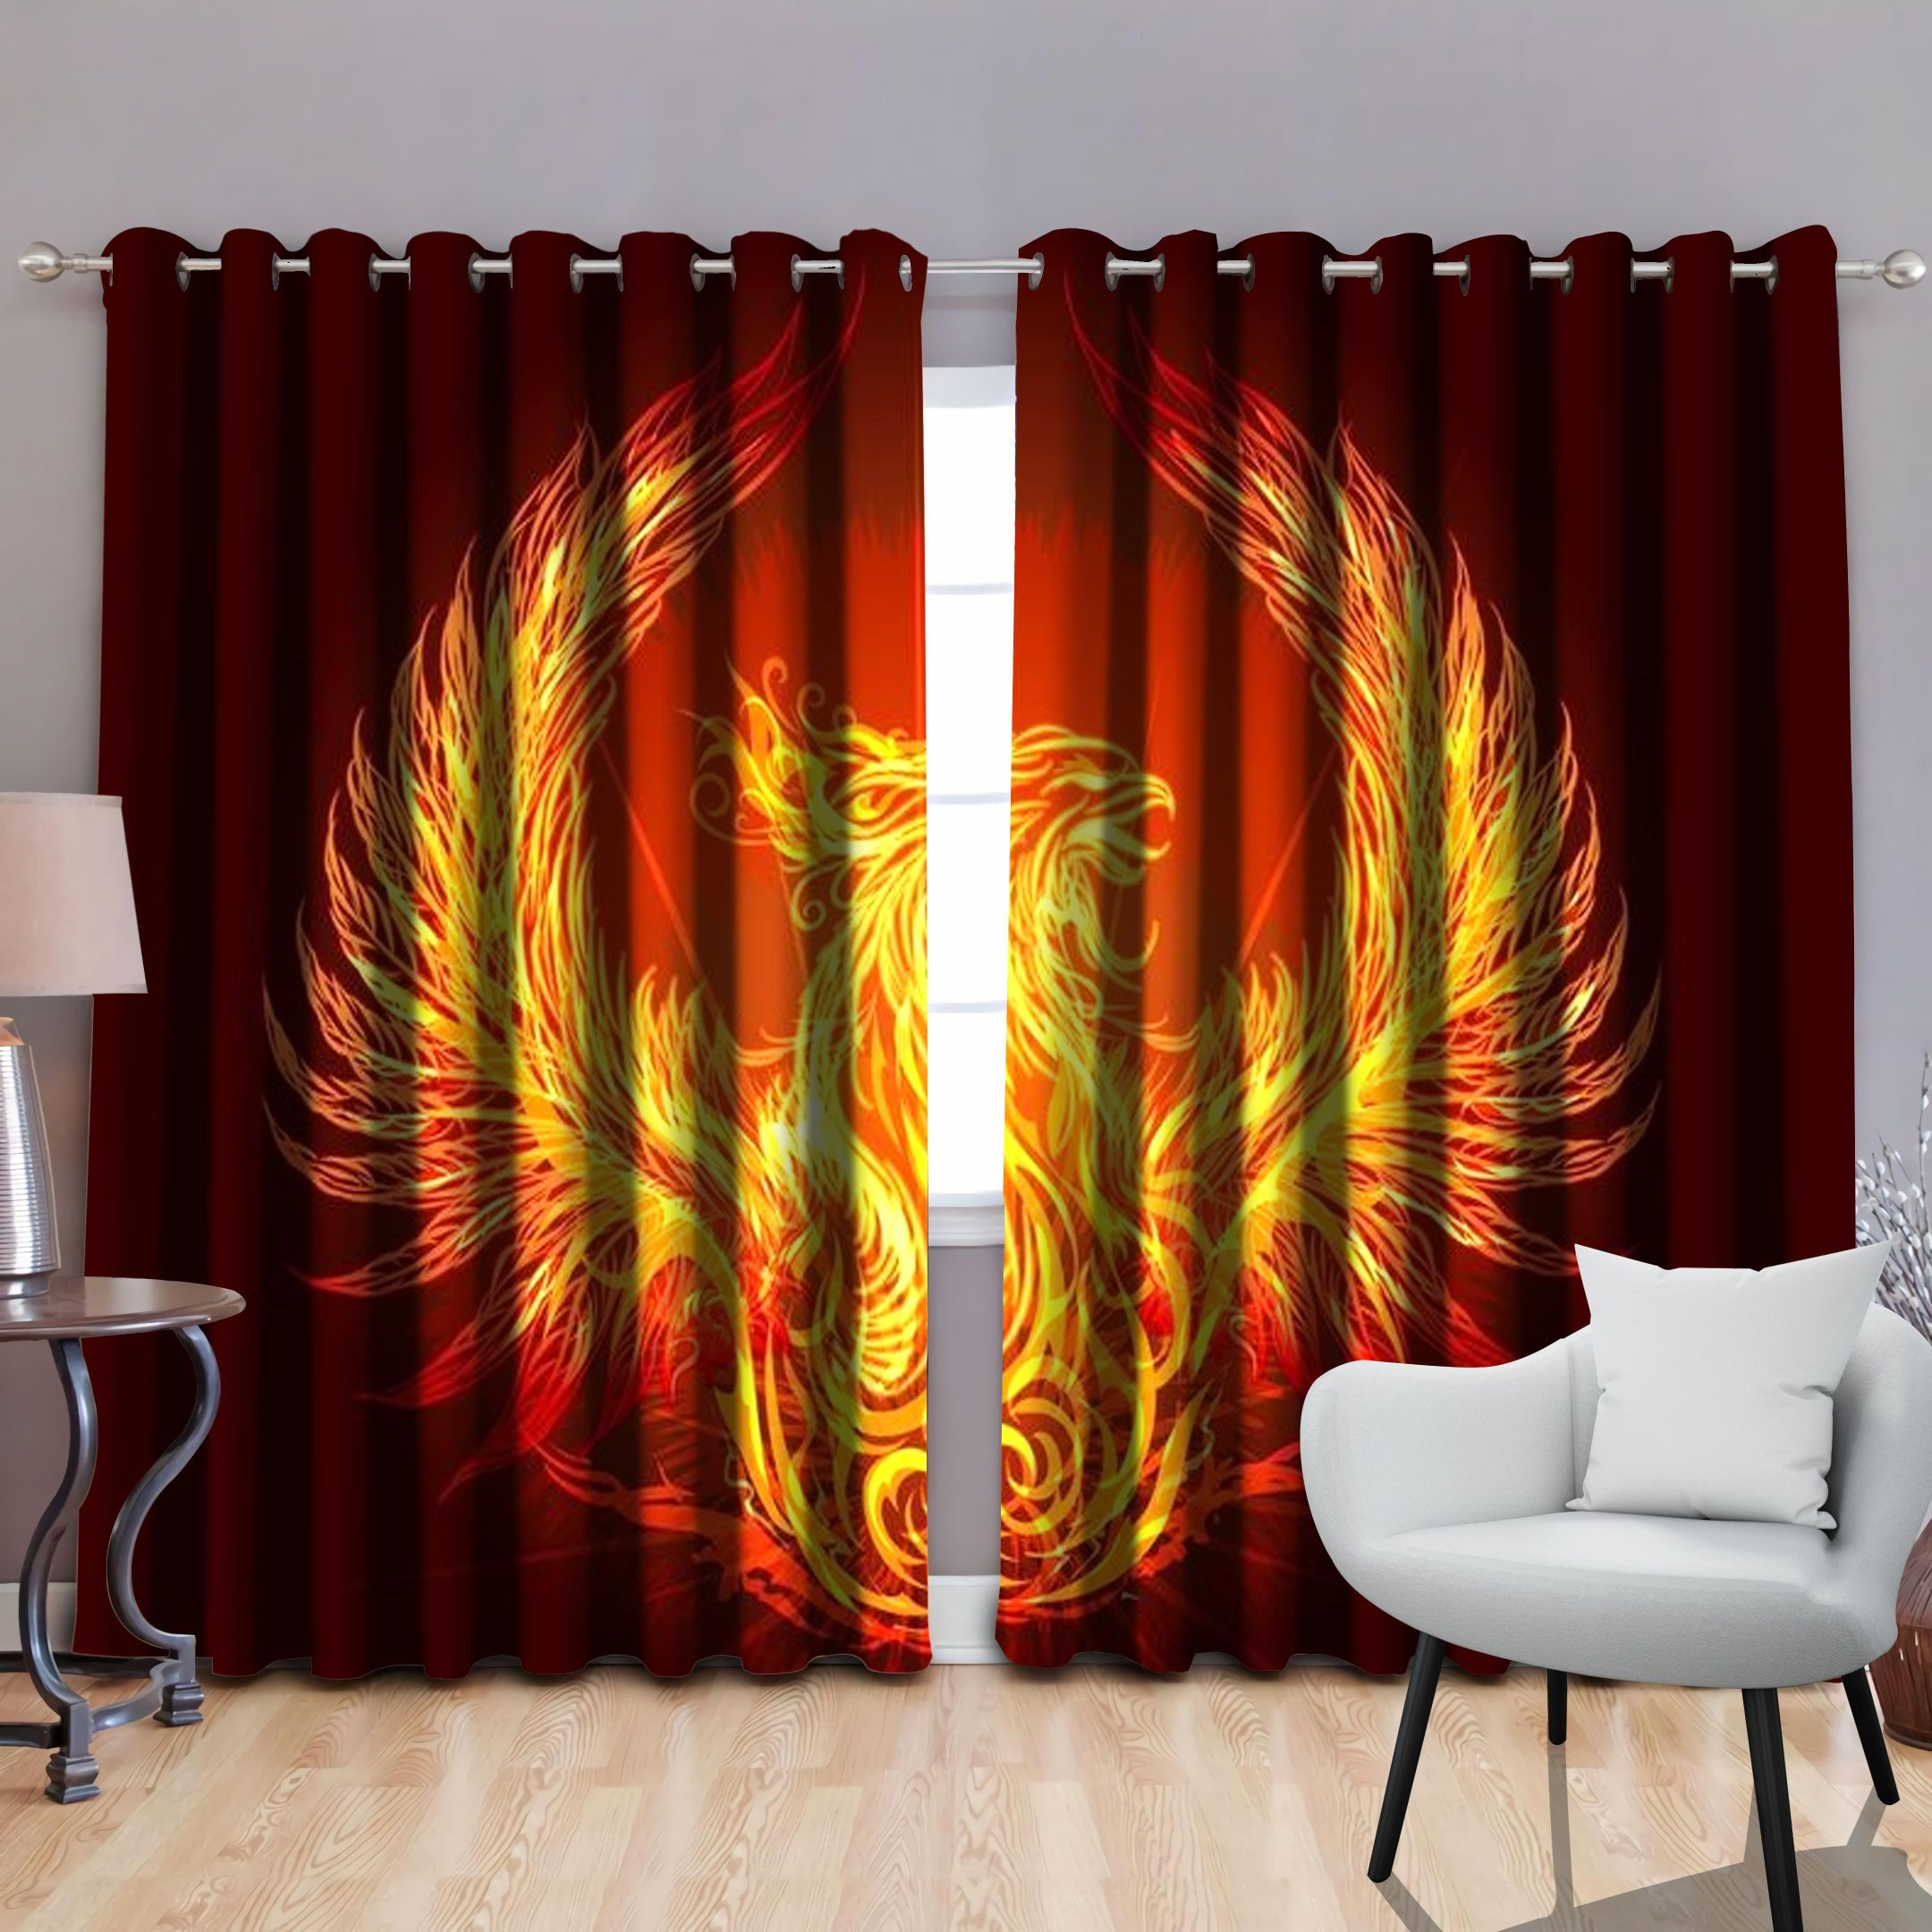 Phoenix Power by SUN Window Curtains JJ180521S-SU
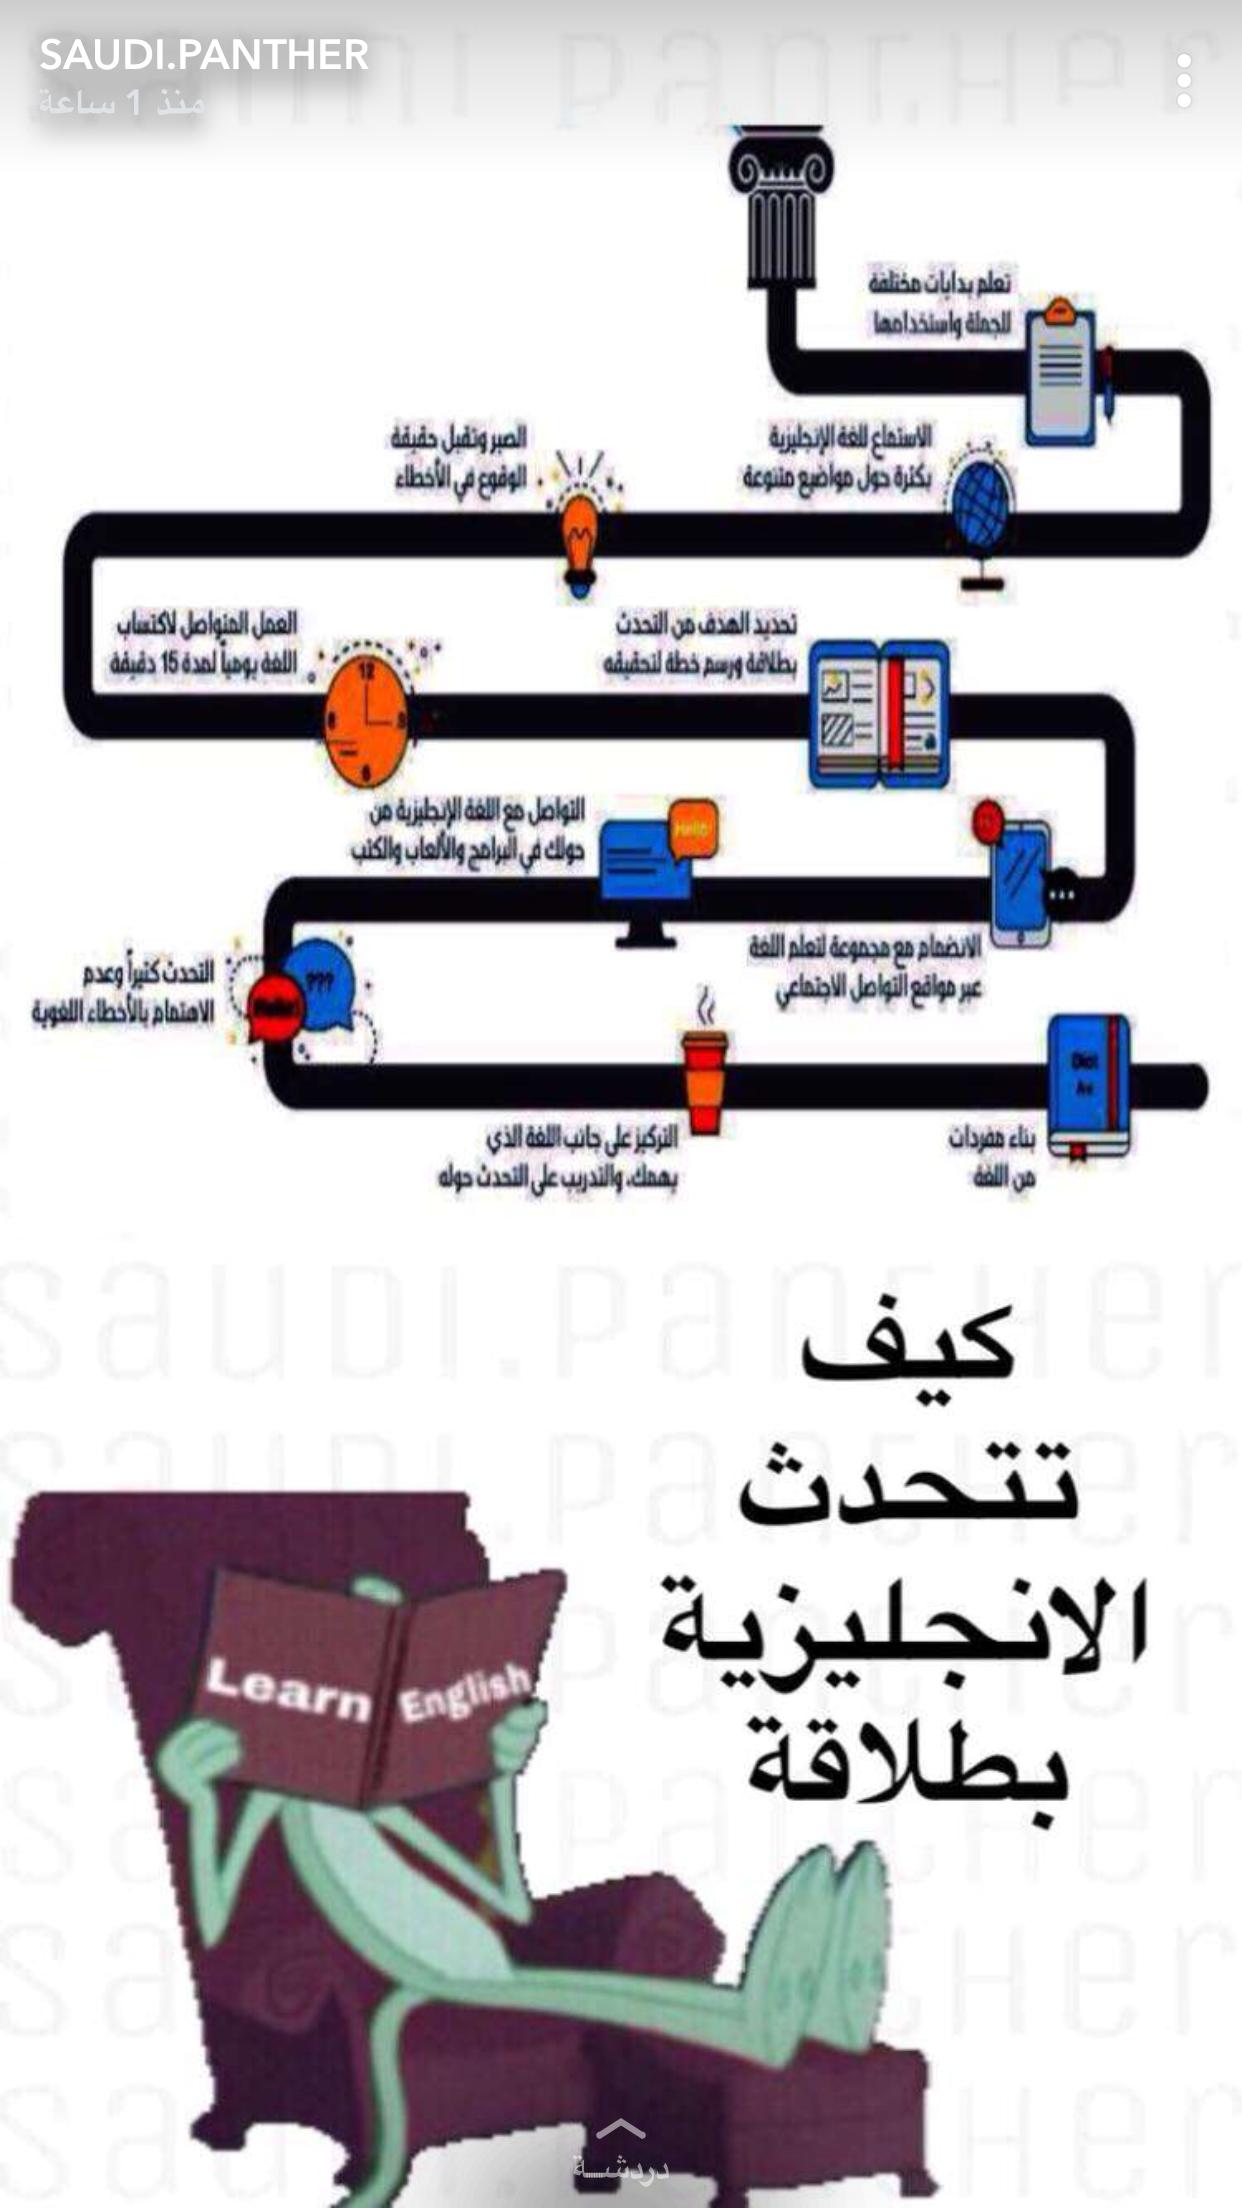 Language Learn English Vocabulary Learn English Words English Language Learning
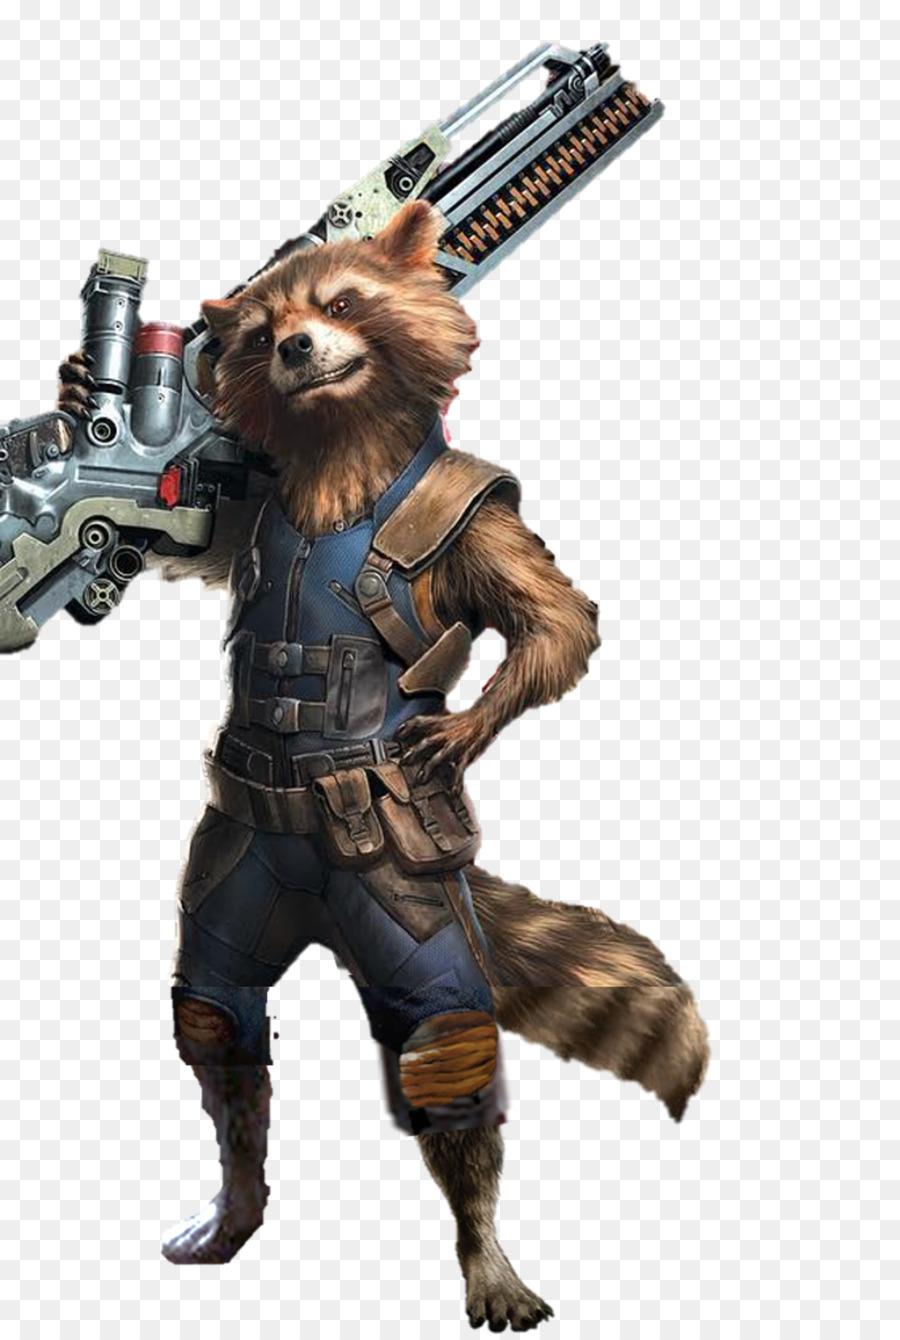 Star Lord And Rocket Raccoon By Timothygreenii On Deviantart: Rocket Raccoon Thor Groot Iron Man Hulk
——
> _Instructions for the task_
Leave the pictures out and return the rest of the material exactly.

> _Result of the task_
 Phoenix Power by SUN Window Curtains JJ180521S-SU
 Language Learn English Vocabulary Learn English Words English Language Learning
 Star Lord And Rocket Raccoon By Timothygreenii On Deviantart: Rocket Raccoon Thor Groot Iron Man Hulk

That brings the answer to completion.